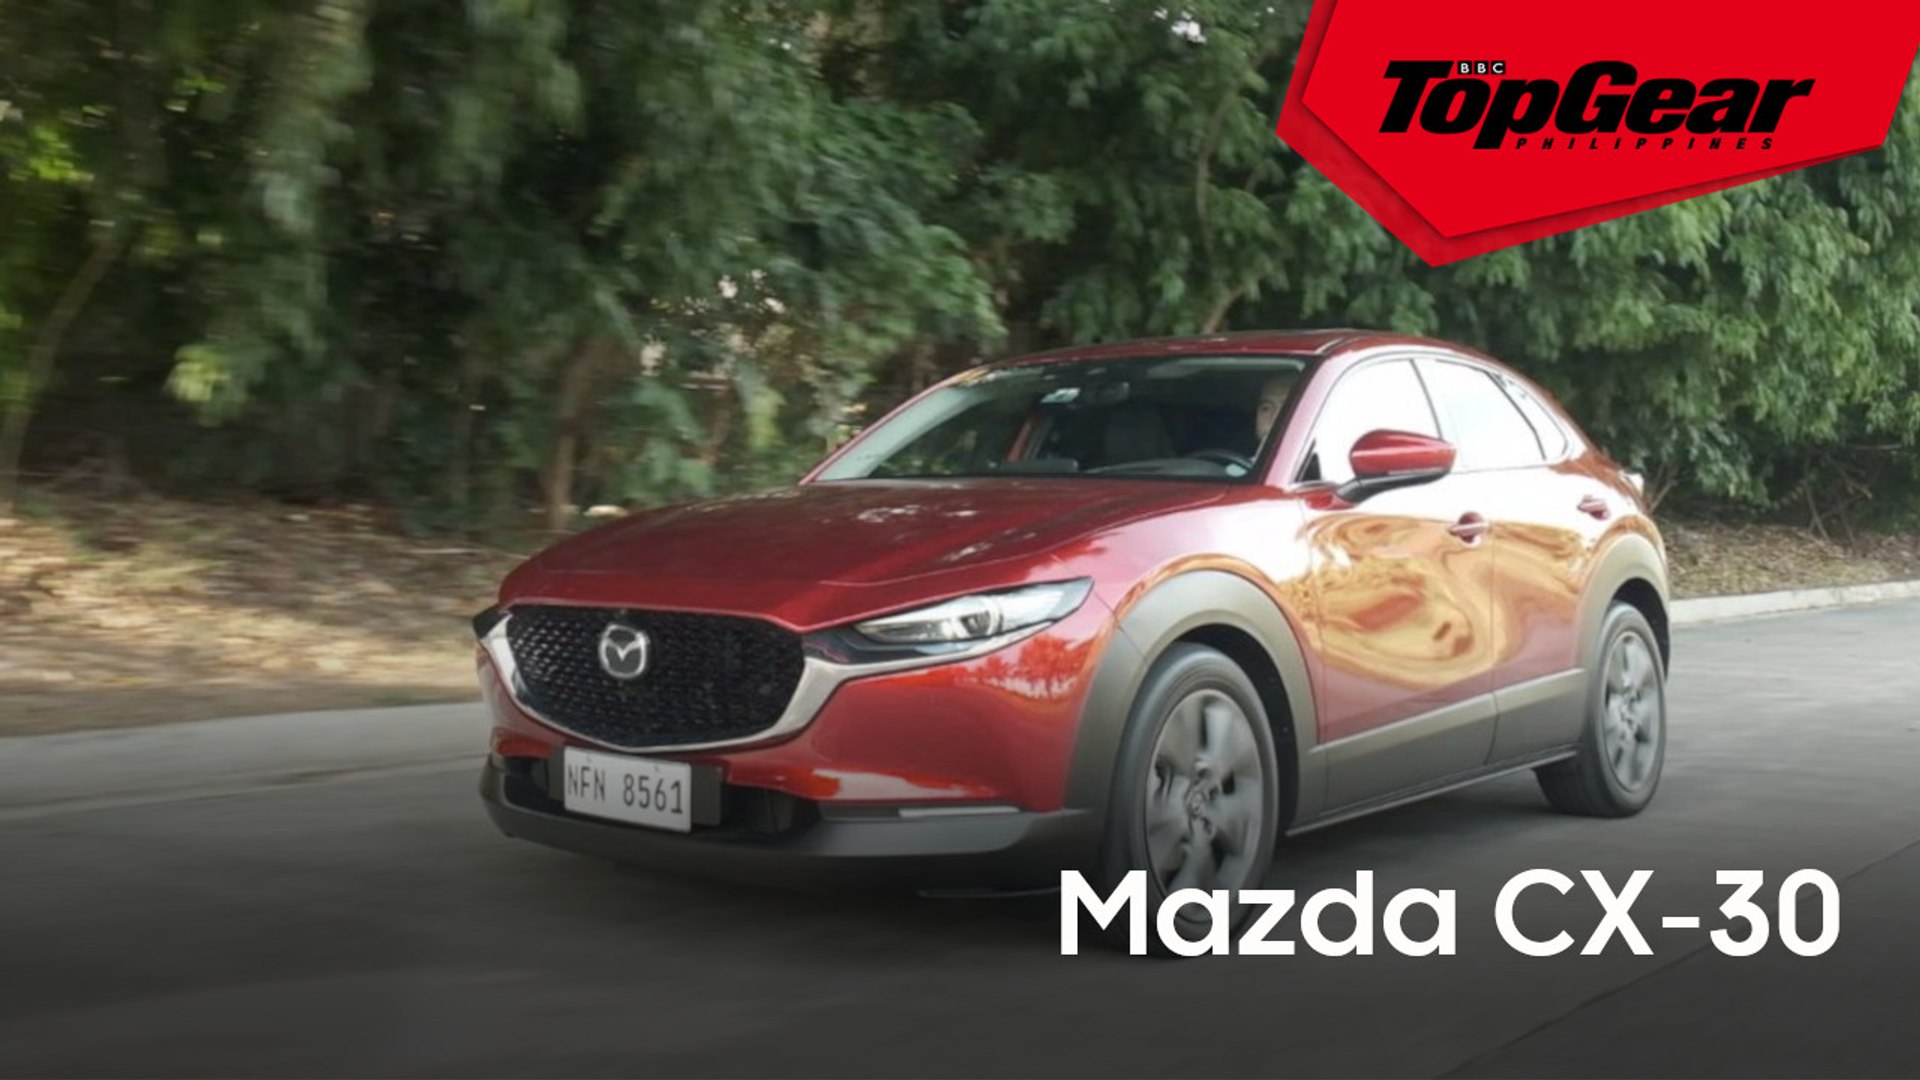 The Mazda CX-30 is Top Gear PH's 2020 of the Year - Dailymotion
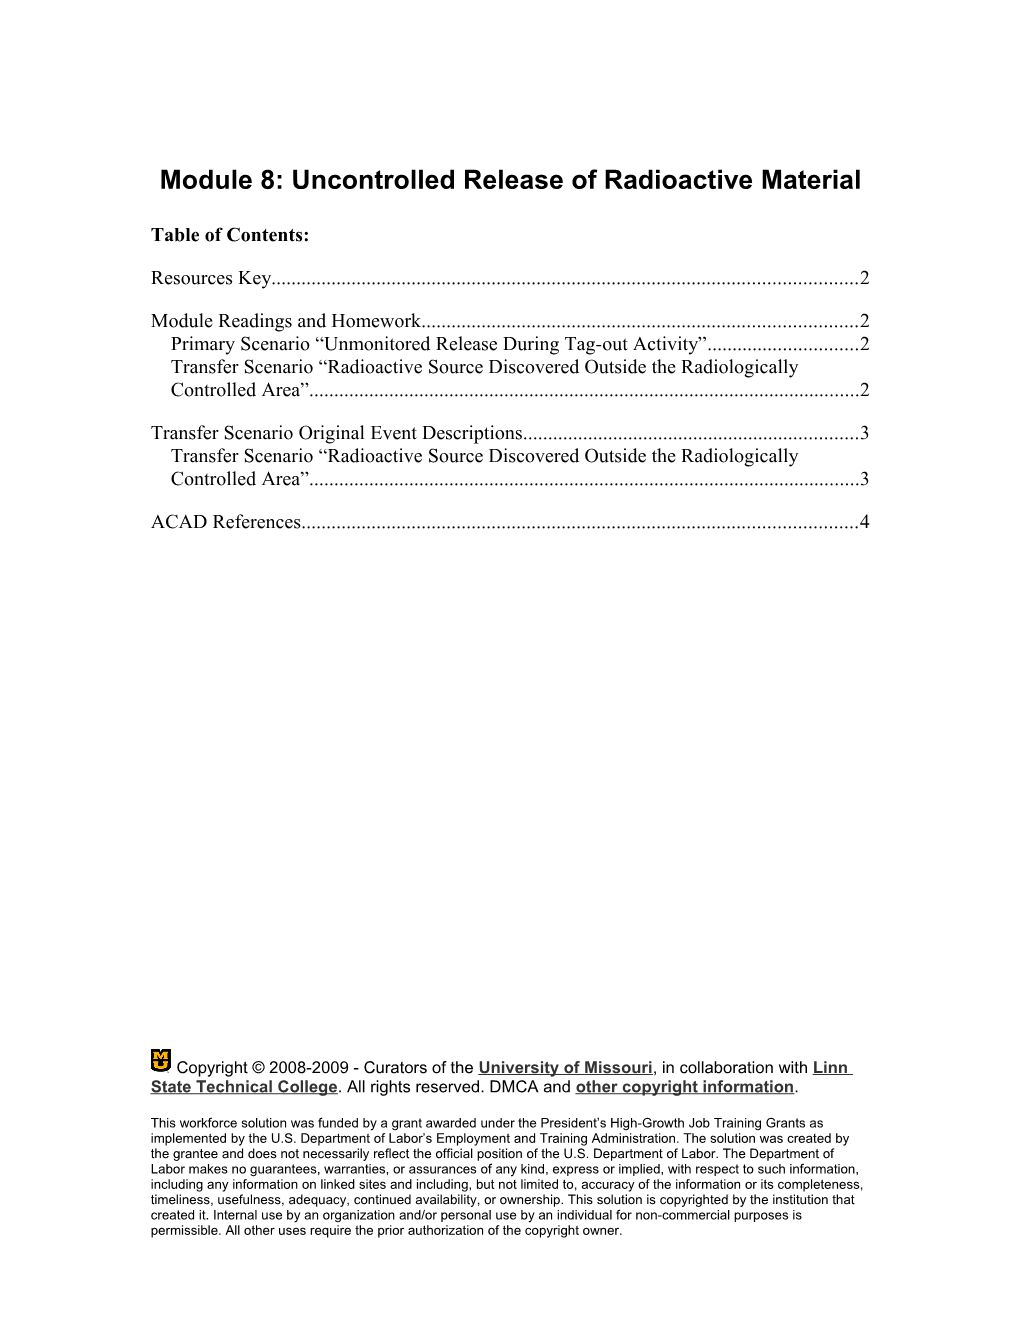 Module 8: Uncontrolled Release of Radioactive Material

- - -

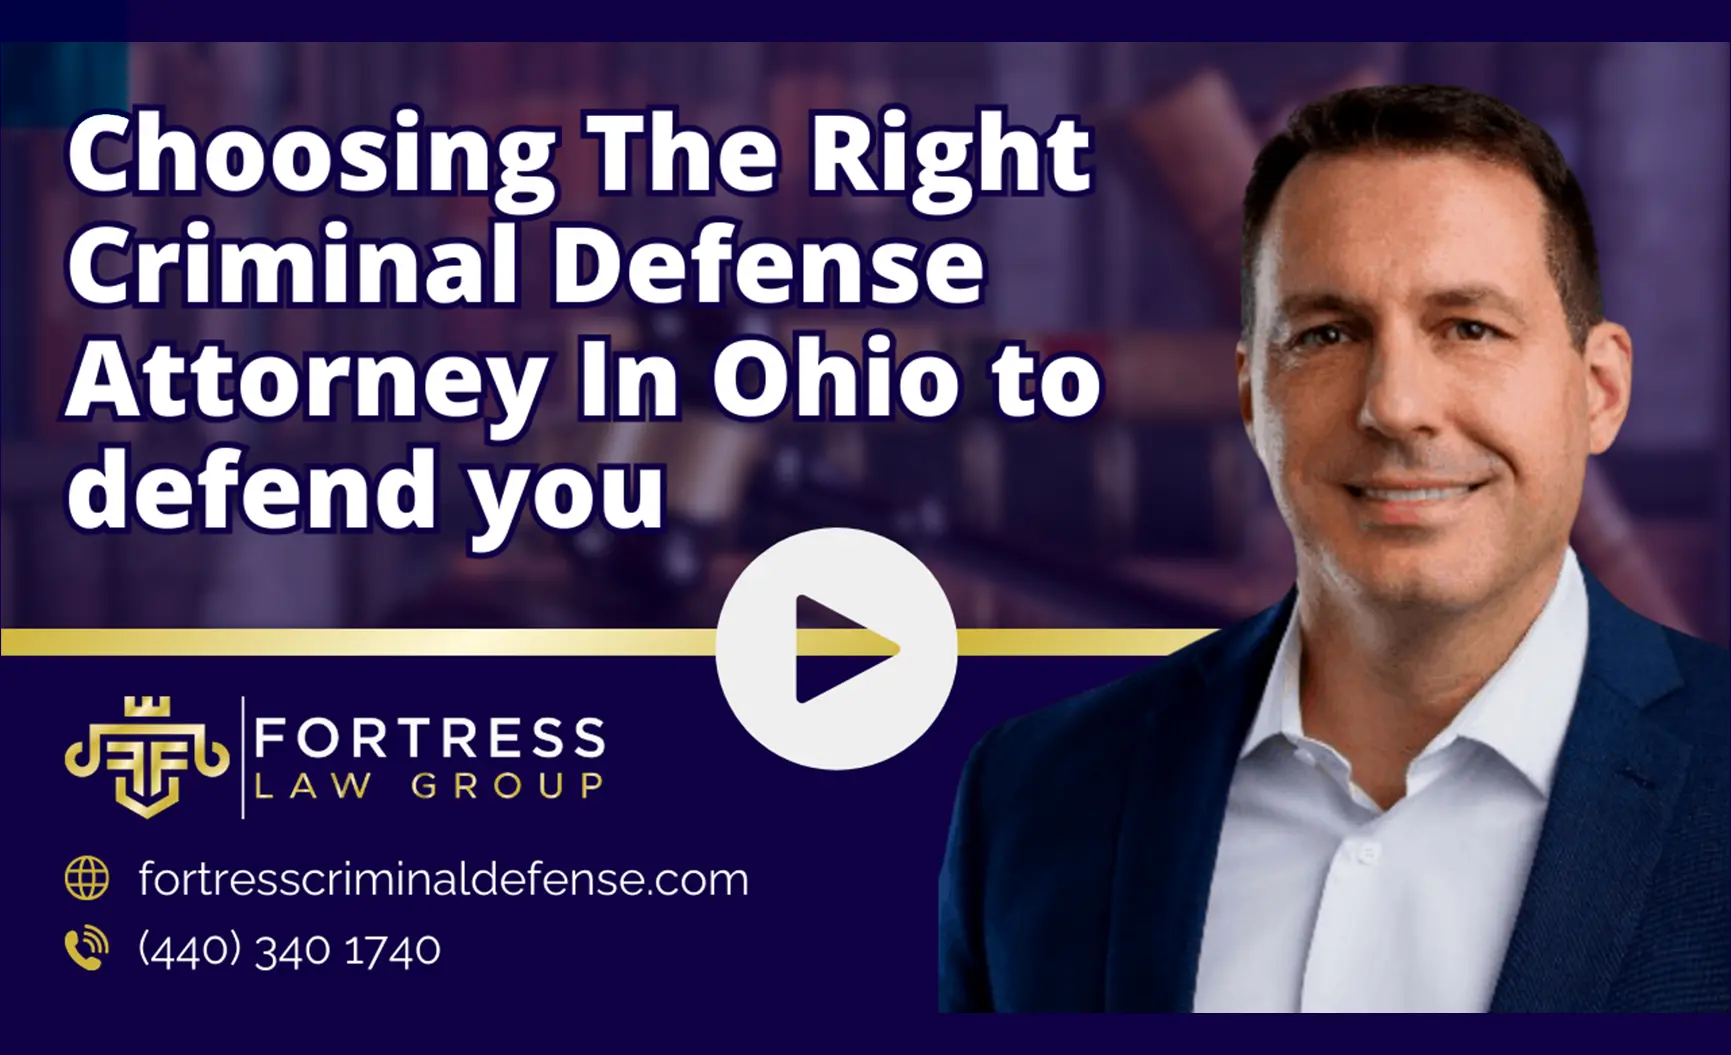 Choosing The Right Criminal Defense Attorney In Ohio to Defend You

- - -

→ PROMPT: Copy only these lines from the records above, exactly: the one with "The Mazda CX-30", the one with "Module 8: Uncontrolled", and those between. Skip the pictures.

→ SOLVED PROBLEM:
 The Mazda CX-30 is Top Gear PH's 2020 of the Year - Dailymotion
 Module 8: Uncontrolled Release of Radioactive Material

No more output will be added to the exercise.